Kung Pao Chicken (or Gong Bao Ji Ding)
is a popular dish from Northern and Sichuan restaurants
in China. It's different from any other type of kung pao in the world because this one includes peanuts. The recipe's origins are traced back to Huaiyang cuisine, which is one of the culinary traditions of Chinese food. It does not serve as an indispensable dish on the plate; its name meaning “battering plum sauce” is derived from the two distinctive elements in it namely the sour douchi which has been immersed into the revolting red vinegar and the mildly spicy sauce heated up with roasted peanuts (though there are variations of this recipe base) — those are what make it flavourful.
According to Islamic law, halal Chinese food is made with fresh and natural ingredients. Using cooking techniques and styles influenced by other cultures, cooking methods, spices, and food items are made halal. As halal food inspections have progressed in China, chefs at restaurants all over the world have begun creating variations of the traditional Chinese dish known as Kung Pao Chicken.
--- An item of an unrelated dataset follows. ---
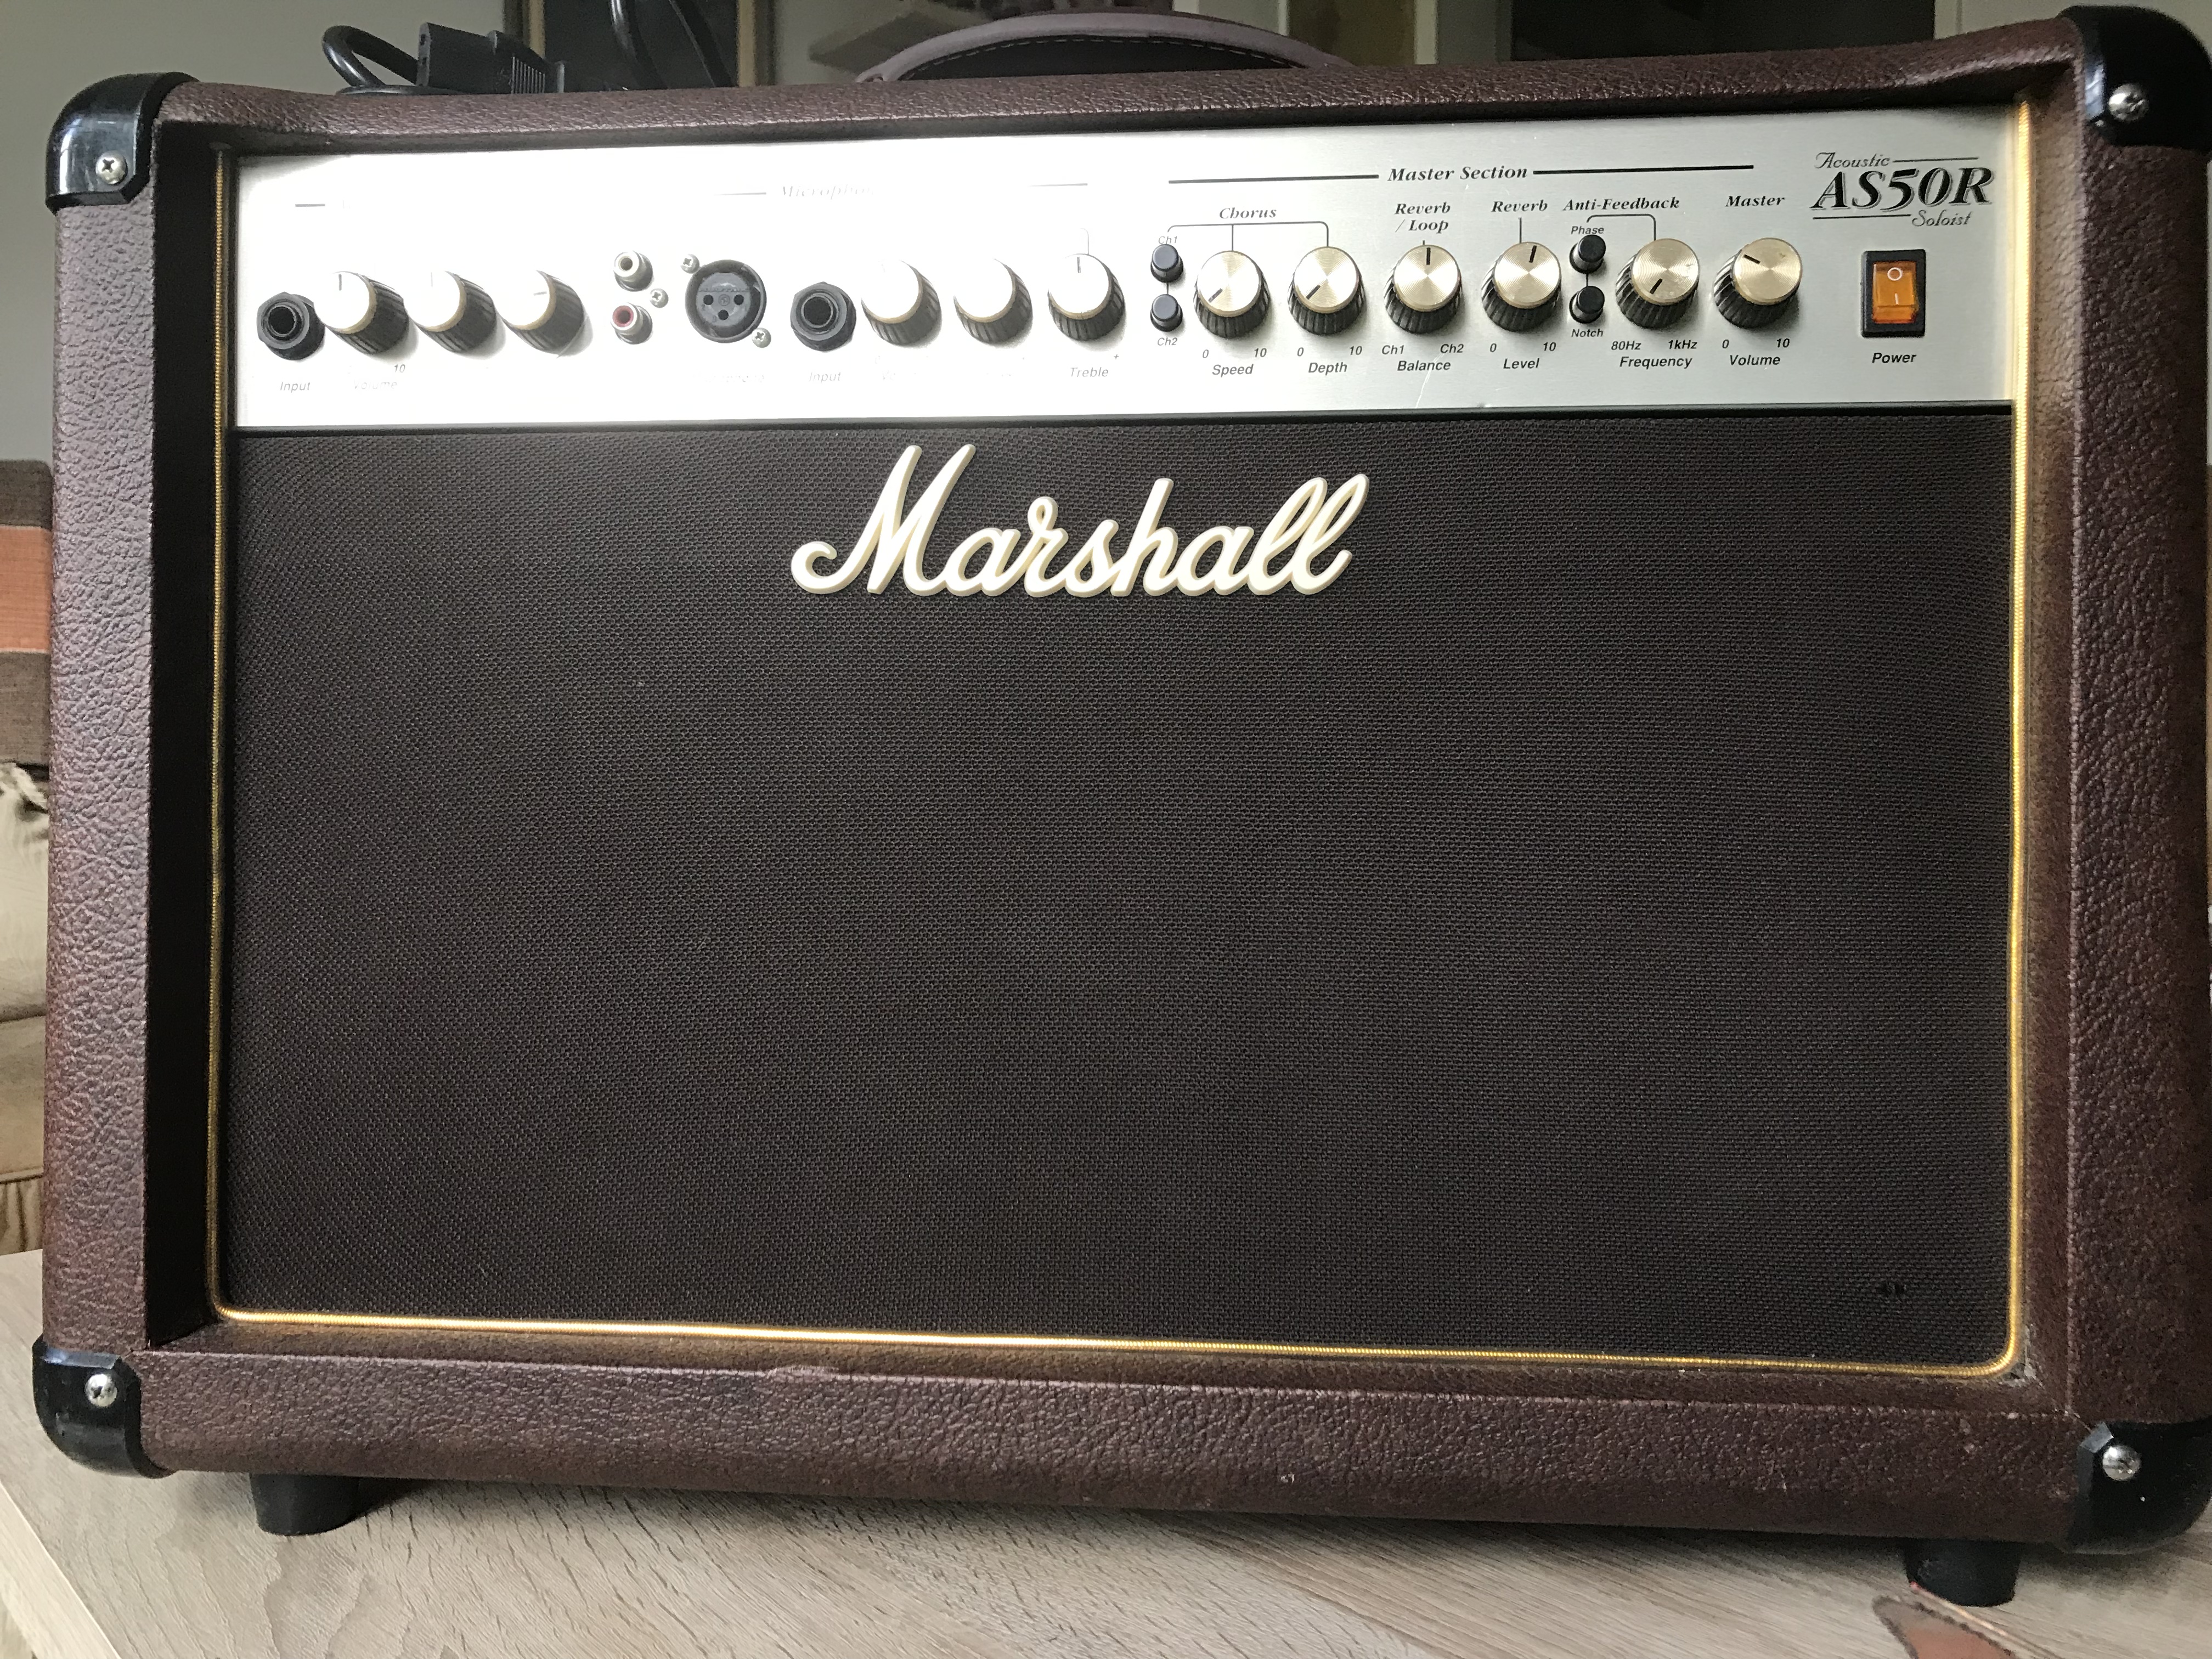 AS50R - Marshall AS50R - Audiofanzine

The Sichuan-style dish traditionally has a prominent presence of dry-roasted whole chilis and peanuts in the chili sauce which creates its flavor similarity to American Szechuan cuisine dishes such as Kung Pao chicken bites as well as providing an integral spiciness for chi main dishes.
It was discovered that it became a popular dish thanks to an American chef who traveled there and experienced it firsthand. So what is Kung Pao Chicken all about? Something has to be relatively spicy for people from the Shaanxi region, but I'll leave that question up to you (aka Google)
Kung Pao Chicken
Ingredients: Carrots and cucumbers, stir-fried with salt and chili pepper. Chicken in dice, mushroom, garlic, and ginger, stir fried with Oyster sauce Peanuts combined with corn starch.
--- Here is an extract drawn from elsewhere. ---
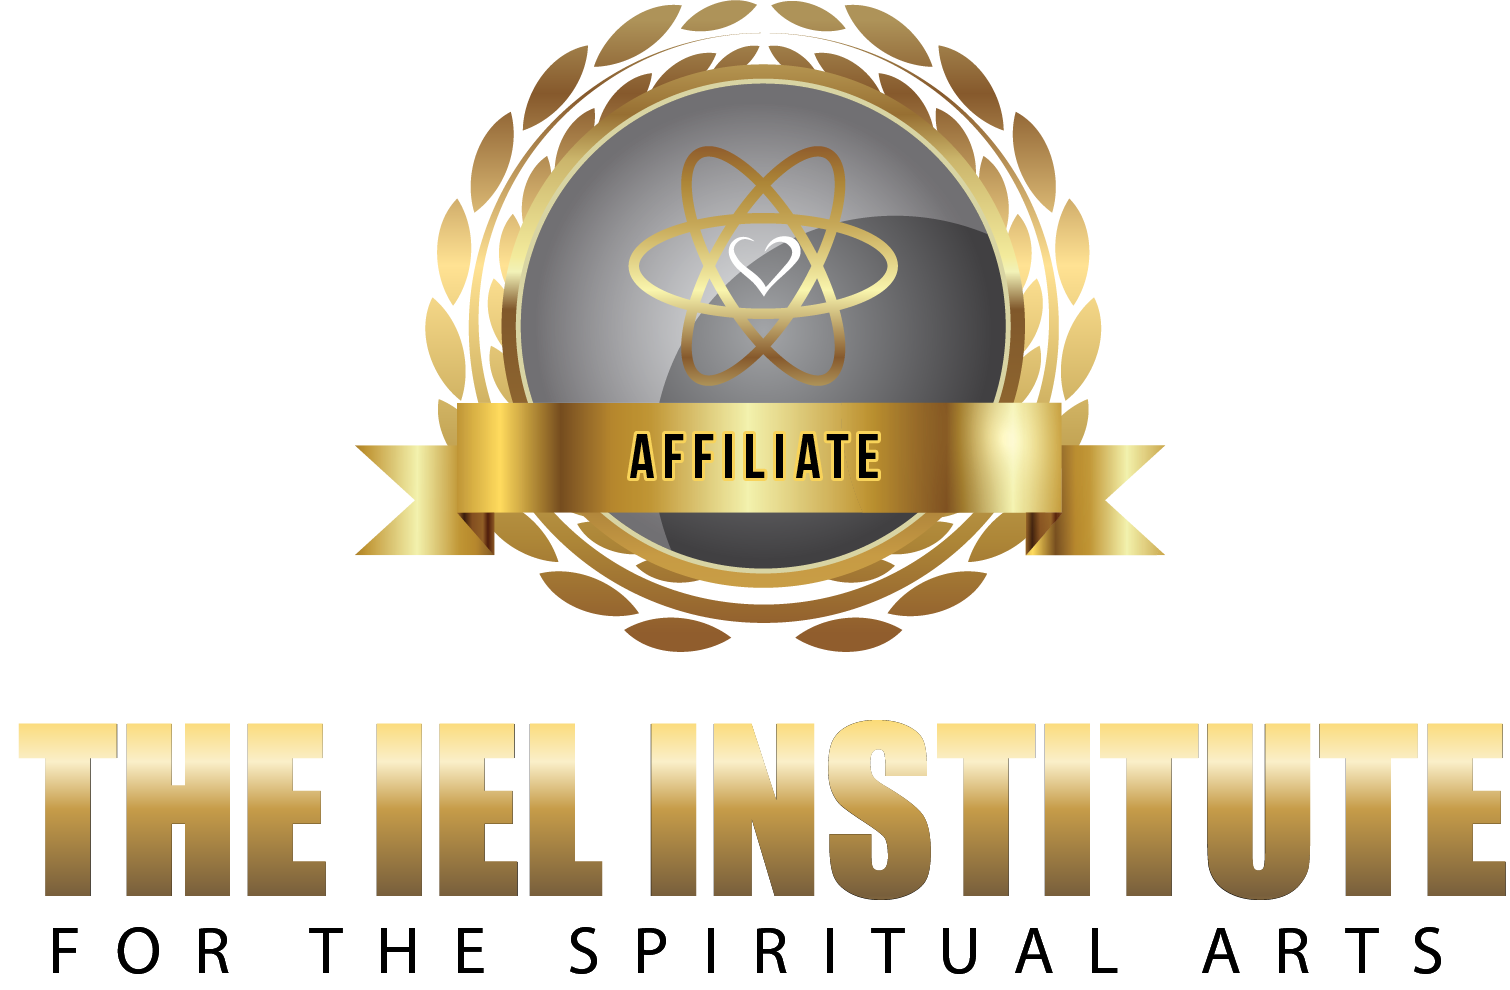 IEL Institute Affiliate

Marinate the chicken dice with light soy sauce then stir-fry with dark soy until the meat is tender.
Add mushrooms and continue cooking at 20-second intervals until they are firm but tender.
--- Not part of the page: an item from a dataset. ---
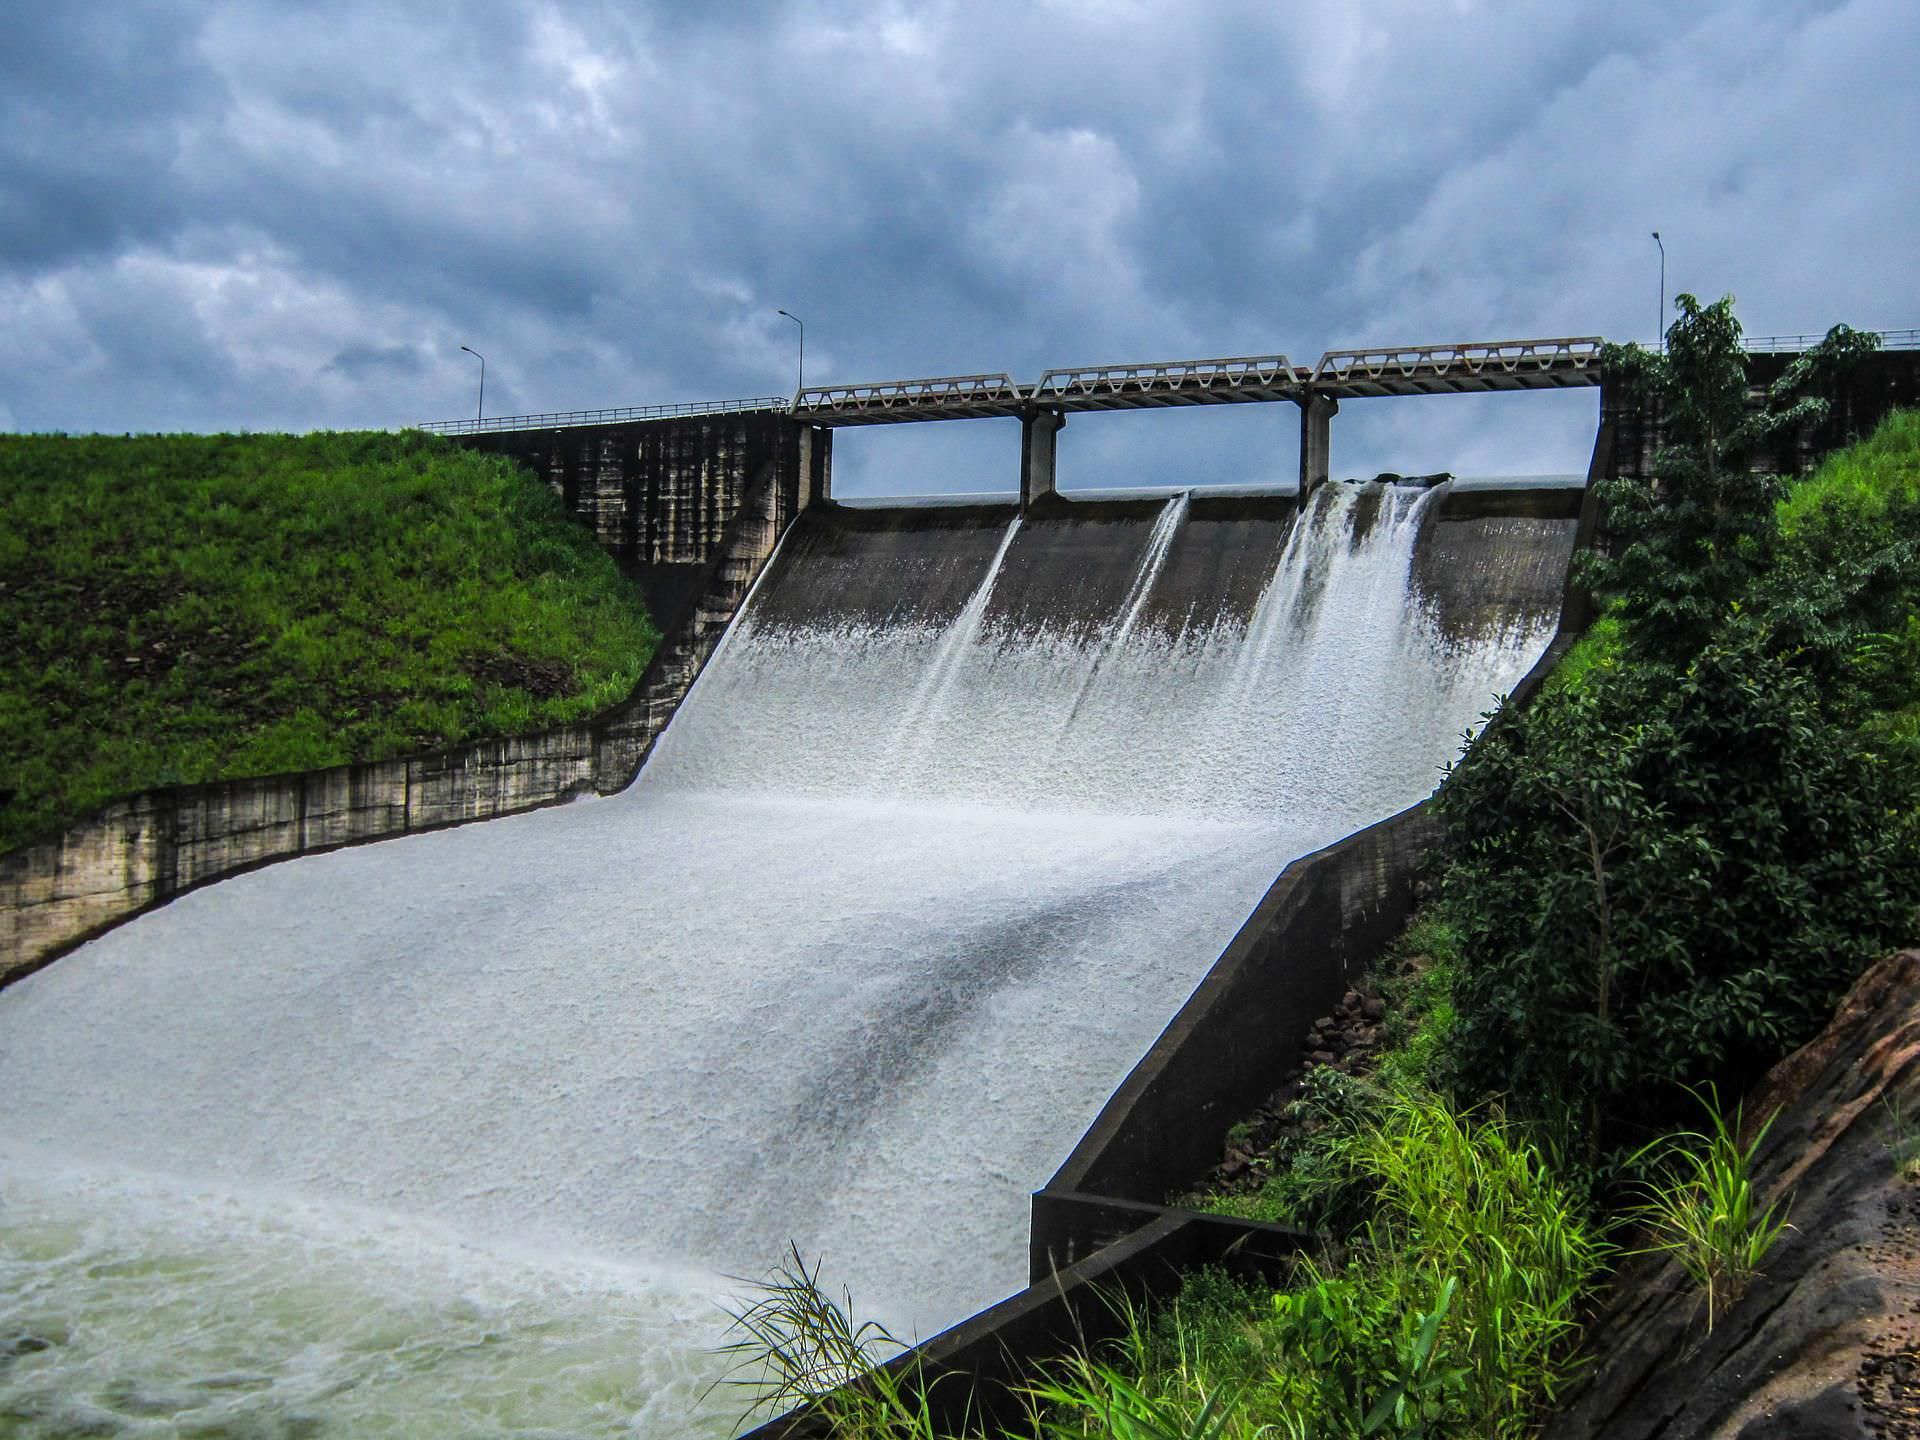 brana-hidroelektrana-pixabay.jpg

Add carrots and cucumbers cubes and stir-fry for a further 2 minutes. After cooking, add peanuts to the wok while it is still on medium heat.
Add some oyster sauce to the wok keep turning and keep mixing.
Mix the starch with water in a bowl, pour this liquid into the wok, stir until thickened, and combine everything.
Sensation of this dish should be spicy, slightly sweet with strong fragrance of Sichuan pepper. So you can adjust the amount of chilli sauce, sugar you put in for this dish.